== WHAT YOU HAVE TO DO ==
Your output must be the lines below from the line containing "Three female cyclists, wearing" to the line containing "close up view", both lines included, reproduced exactly and without pictures.

== GIVEN RECORDS ==

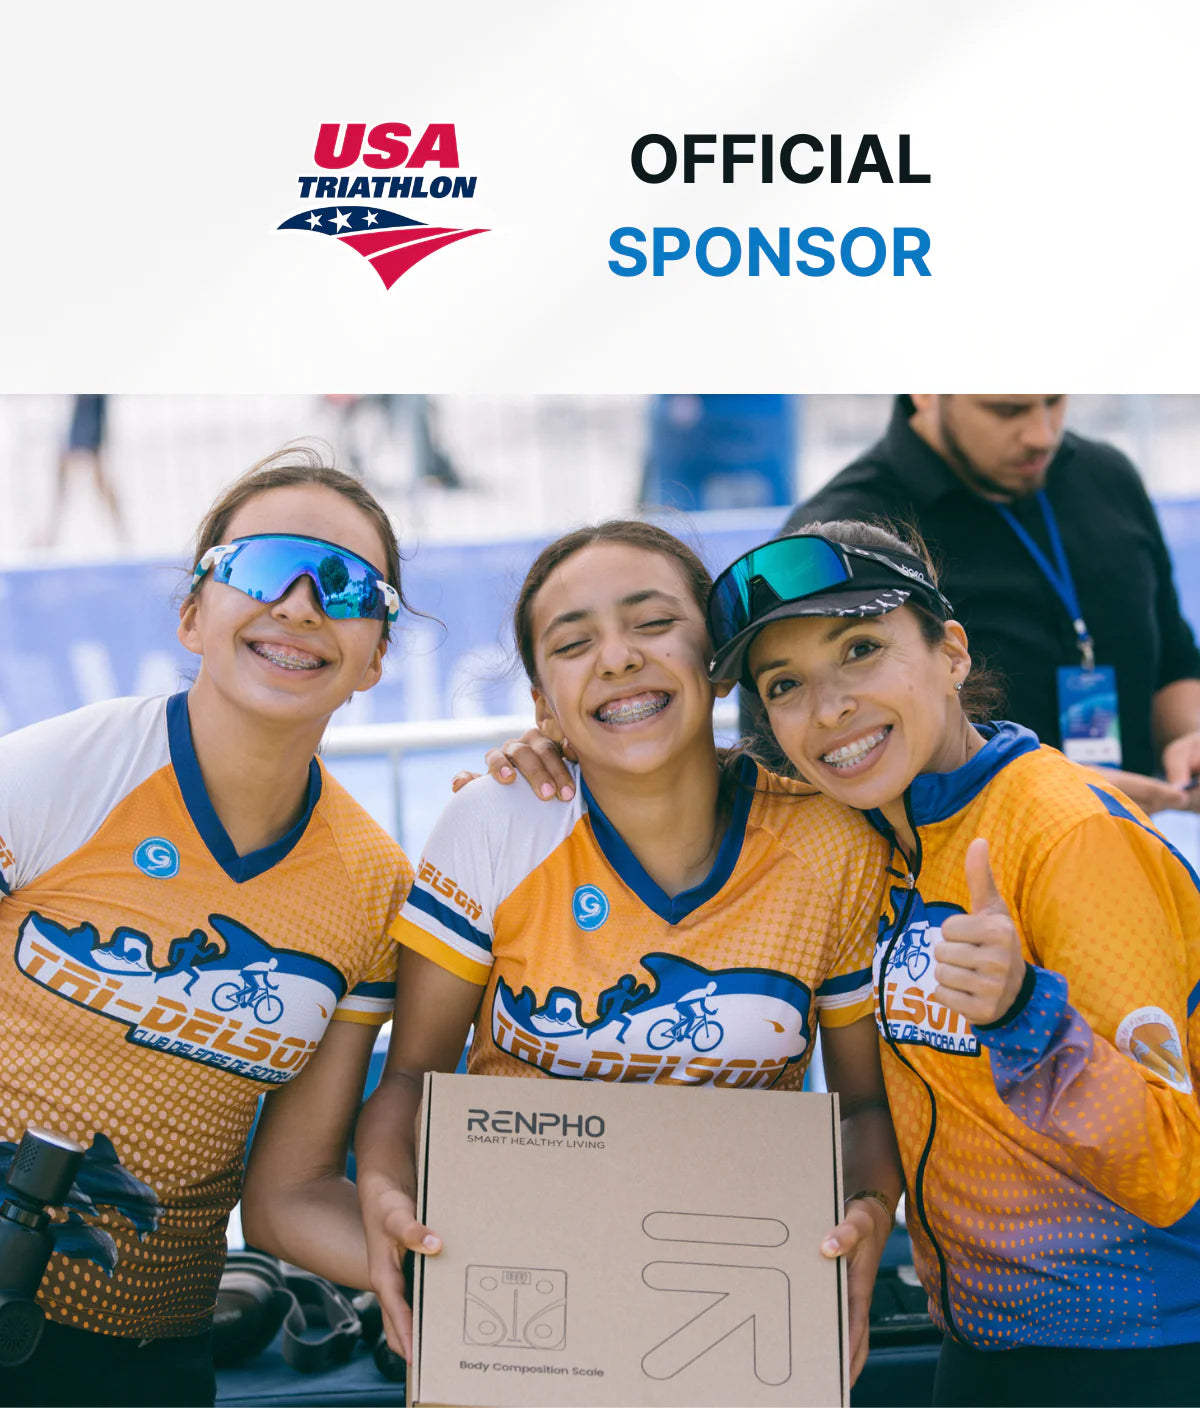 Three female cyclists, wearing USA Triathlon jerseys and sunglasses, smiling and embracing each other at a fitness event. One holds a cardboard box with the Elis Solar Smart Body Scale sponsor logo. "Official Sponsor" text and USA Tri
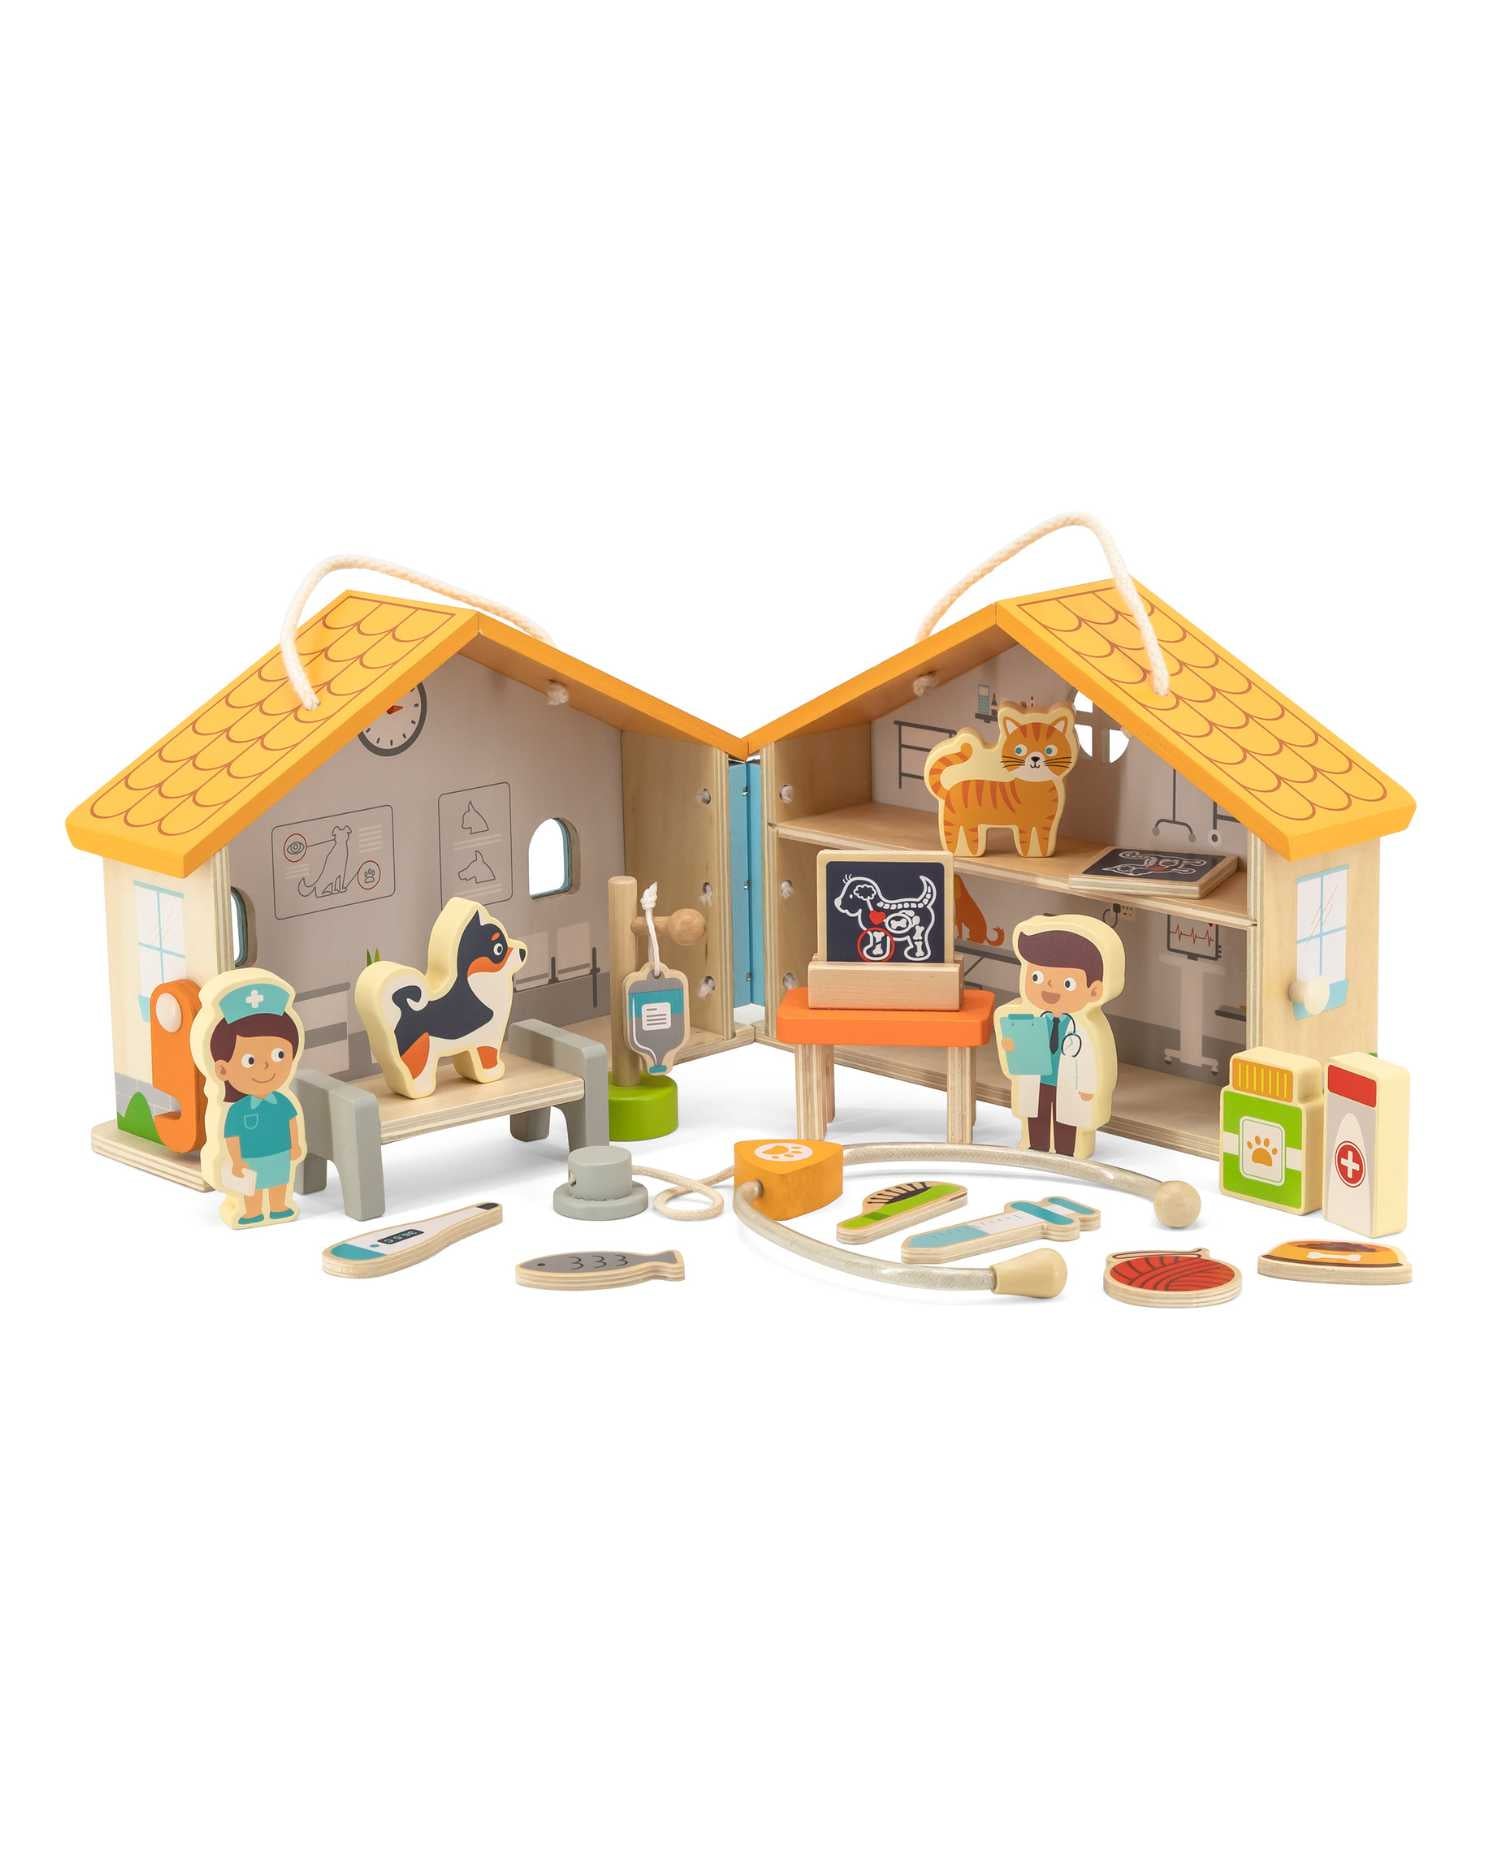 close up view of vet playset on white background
---
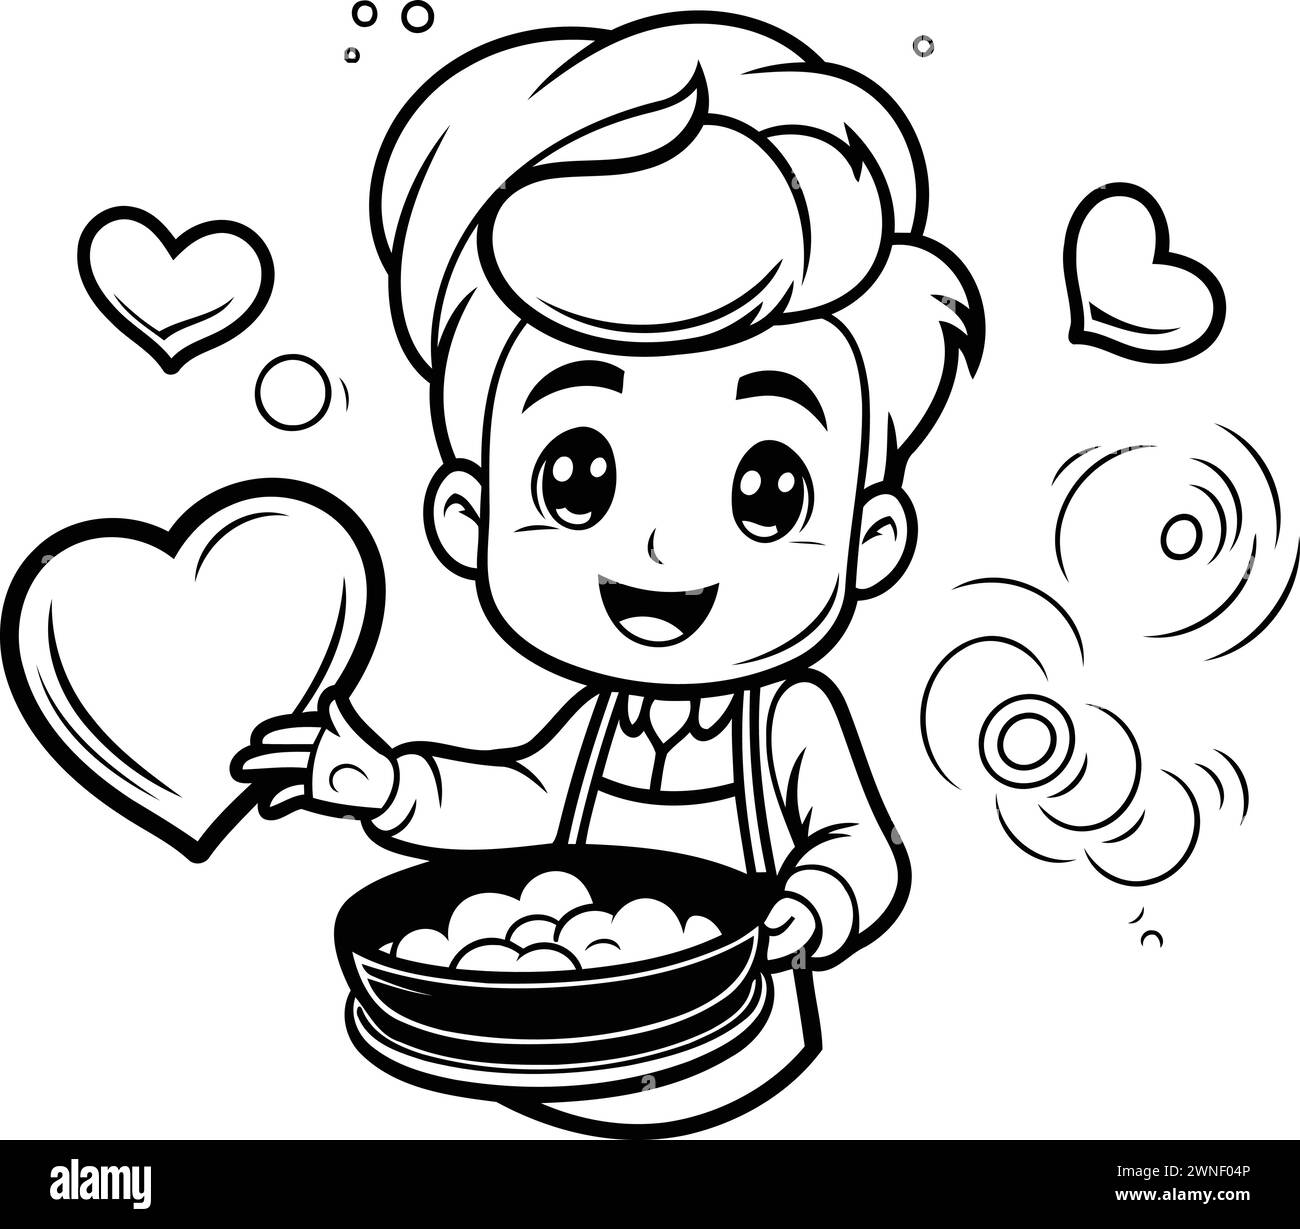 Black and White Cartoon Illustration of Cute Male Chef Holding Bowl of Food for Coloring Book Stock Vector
* * *
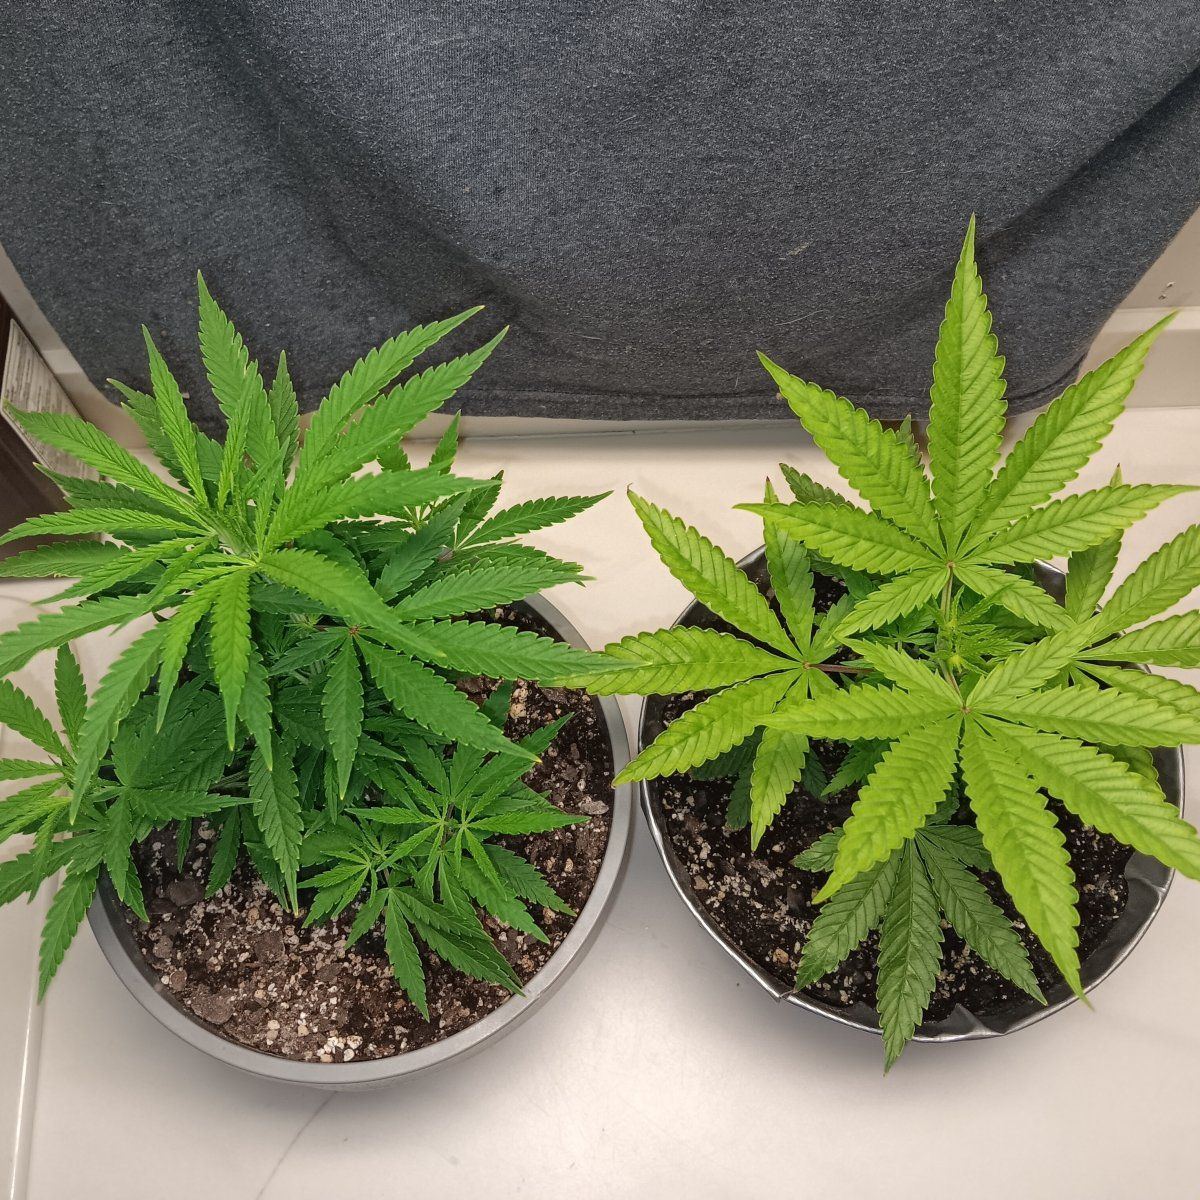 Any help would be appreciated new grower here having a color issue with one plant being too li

== TASK RESULT ==
 Three female cyclists, wearing USA Triathlon jerseys and sunglasses, smiling and embracing each other at a fitness event. One holds a cardboard box with the Elis Solar Smart Body Scale sponsor logo. "Official Sponsor" text and USA Tri
 close up view of vet playset on white background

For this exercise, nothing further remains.